Hamdolsun kafamıza sinek konmadı. Heykel-büst meselesinde başka milletlere nazaran aç ve açıkta gariban kalmadık. Çünkü heykelden yana Anadolu coğrafyası gayet münbit(!). Yoksa Sayın Belediye Reisi garip kaldığımızı düşünmüş olacak ki: ‘’Kemalistlerin heykelleri var, bizim de olmasın mı?’’ demiş, bizi de yerli ve milli heykellerle bu yüzden mi buluşturmuş? Ya da milletin fiili olmasa da fikri olarak ayrılmış olduğunu fark ettiklerinden, bazılarının heykel seanslarına Anadolulunun ekserisinin itibar etmeyip, içten içe bilendiğini bildiklerinden, bizi de heykel ritüellerine katmak, hiç değilse saygı duymamızı sağlamak için:

“-Artık sizin de sizden olan büstünüz var.” mı demiş, siyasi üstümüz?

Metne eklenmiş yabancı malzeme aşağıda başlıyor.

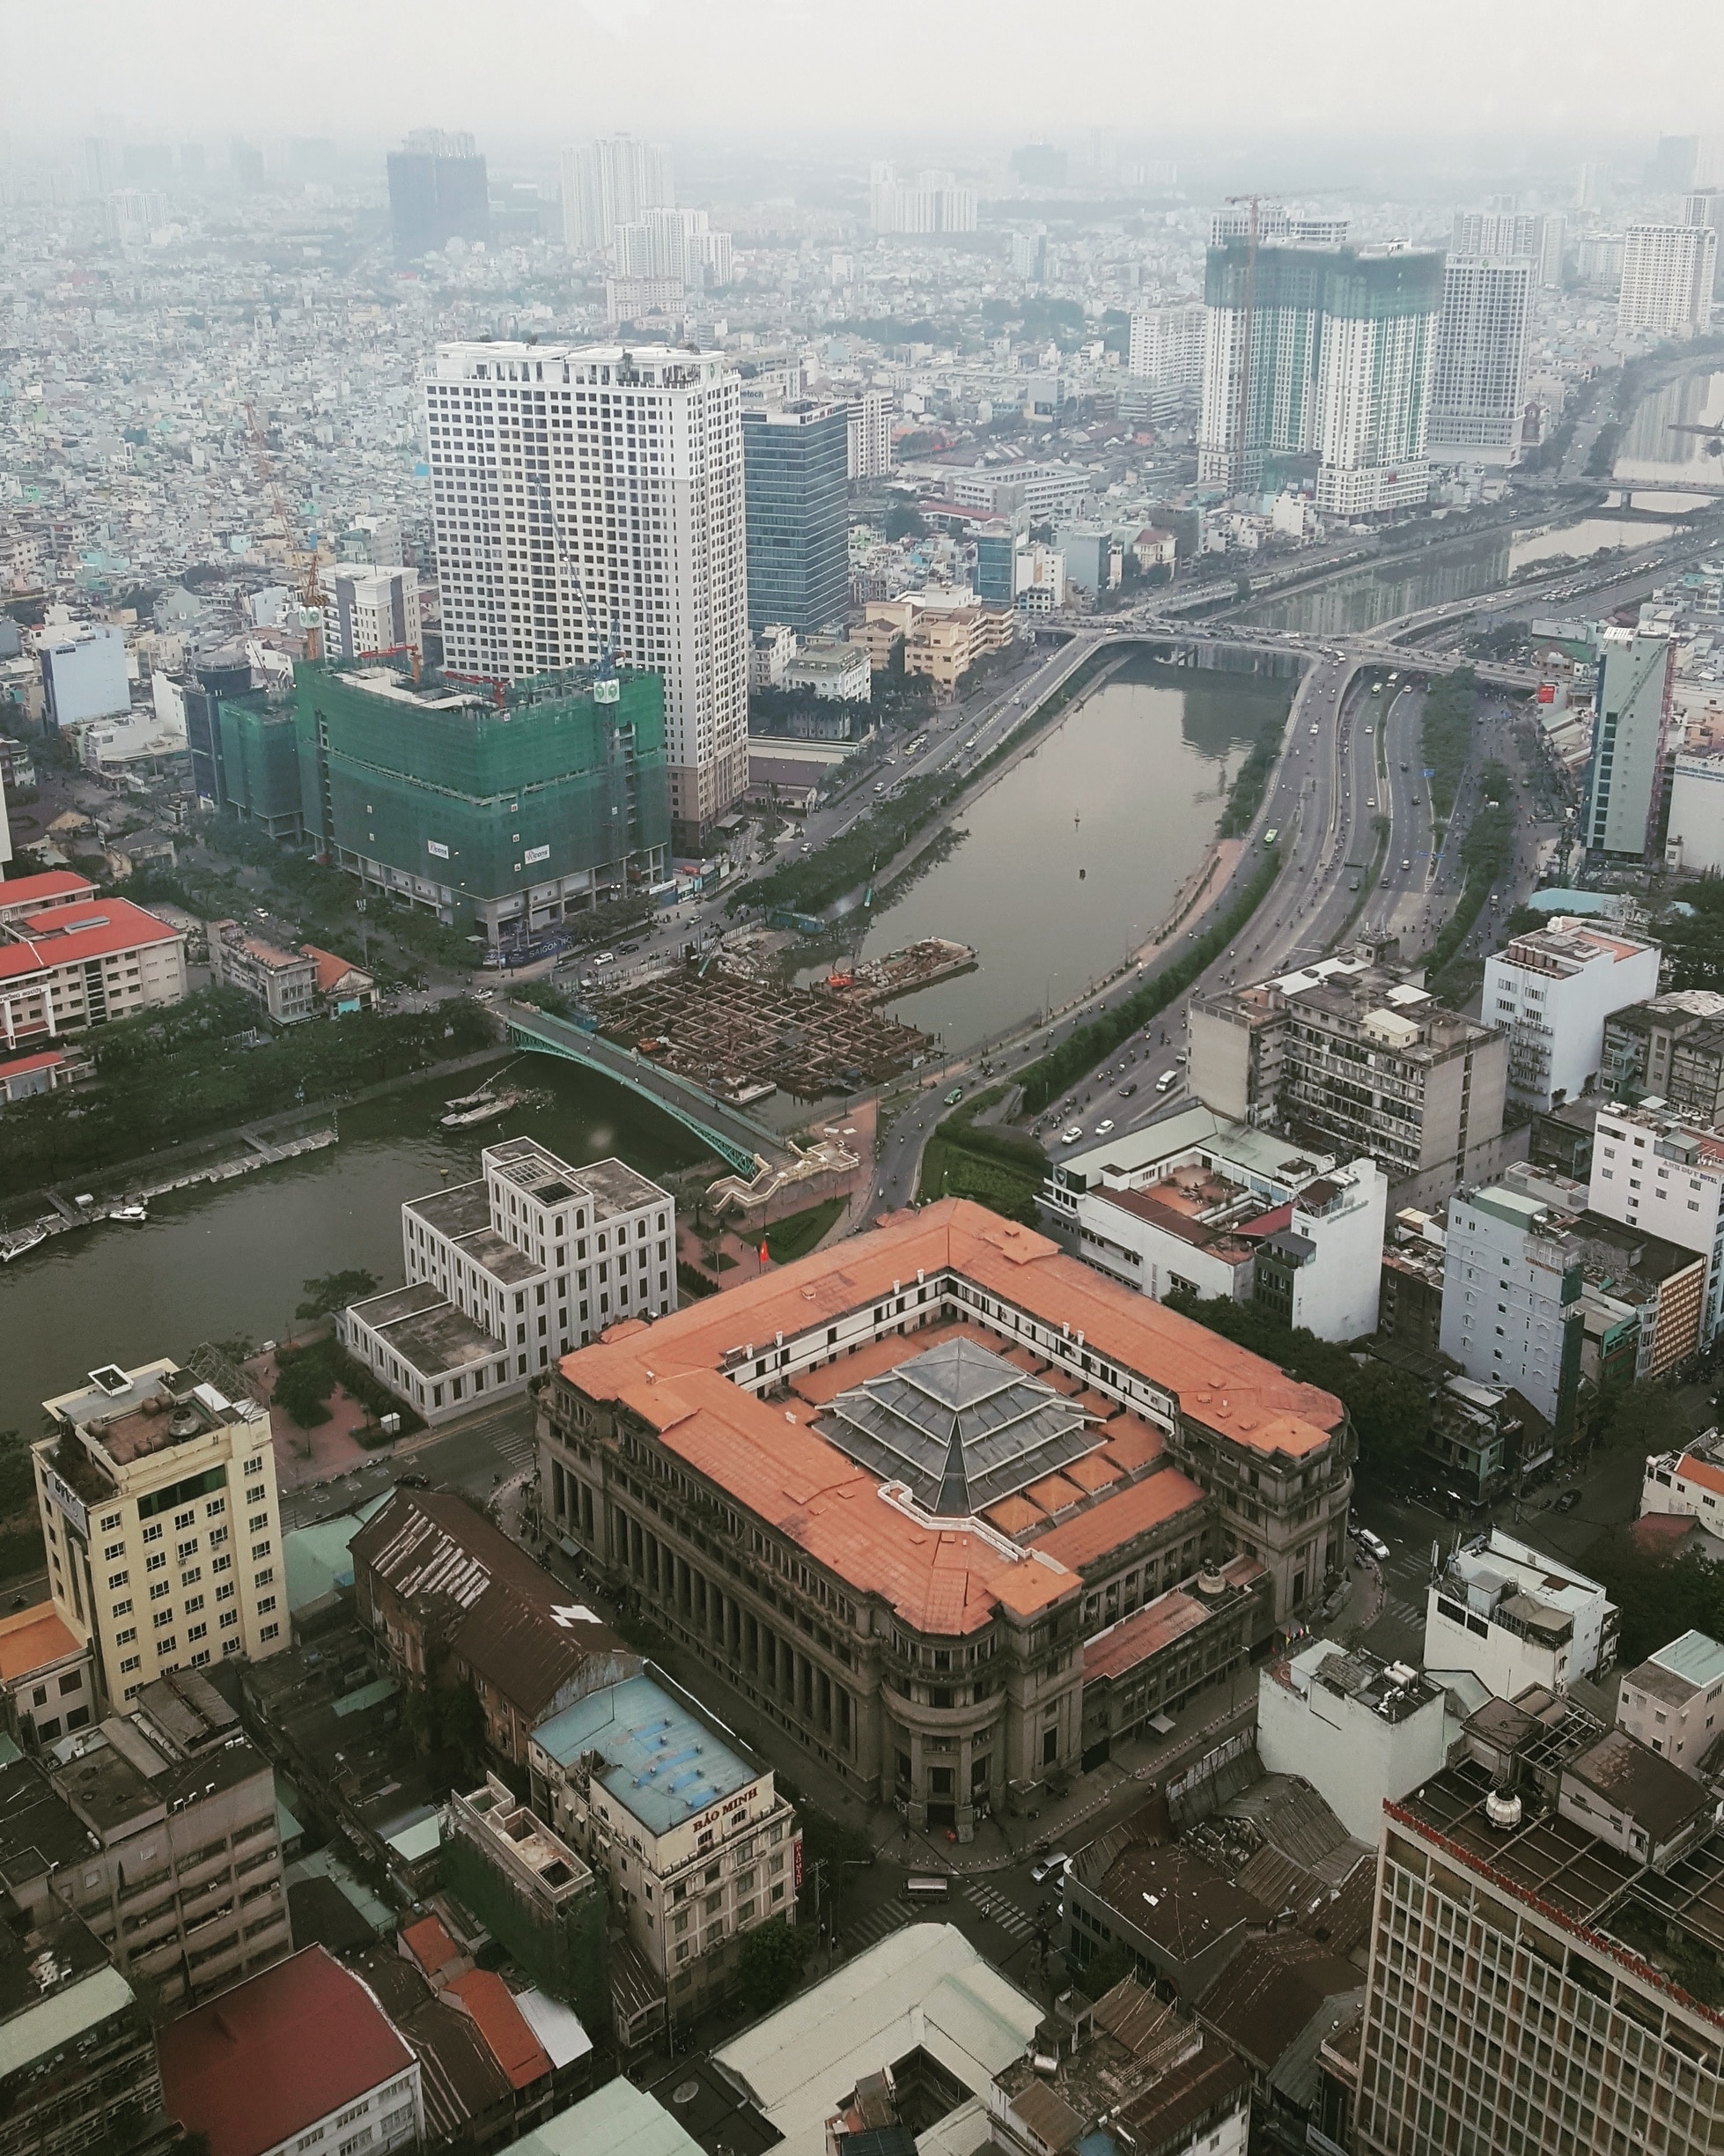 Views from Bitexco Financial Tower & Saigon Skydeck (49th floor). There's also the 'World of Heineken' discovery centre on the 58-60th floors. A must-do while in Ho Chi Minh City!

#hochiminh #hochiminhcity #hcmc #saigon #vietnam #bitexco #UrbanJungle

İşlenen kazuratı görüp hüsnü zan edip sadece fikirsizlik cephesinden değerlendirdiğimiz için ayının, dostunun kafasındaki sineği öldürmesi örneğini verdik. Açıklamak gerekirse; Anadolu’daki Müslümanların devlet genelinde cari olan heykeller bütününe hoş bakmadığı malumdur. Sayın Başkanın Anadolu’nun sevdiği şahsiyetlerin heykellerini dikerek onlara heykeli sevici, ses etmeyici bir tavra büründürme riskine sebep olması bizce, sinek yerine insan öldürülen tarafıdır. Hatta biz bu Hilmi Bey’e hüsnü zan etmeden sadece fiiline bakmış olsaydık, başkanın şahsi Twitter hesabından paylaştığı ilk fotoğrafı da göz önünde bulundurarak derdik ki: ‘’Bu işin amacı, Anadolu kıtasında cari ve hareketli bulunan Abdülhamid Han ve Mustafa Kemal severleri fay hatlarının birbirine doğru gidişini ve sonuçta sağlam olan fay hattının diğerini saf dışı bırakışını engellemek yani hak-batıl hesaplaşmasını bilinmedik bir zamana tehir etmek’’ olduğunu söylerdik.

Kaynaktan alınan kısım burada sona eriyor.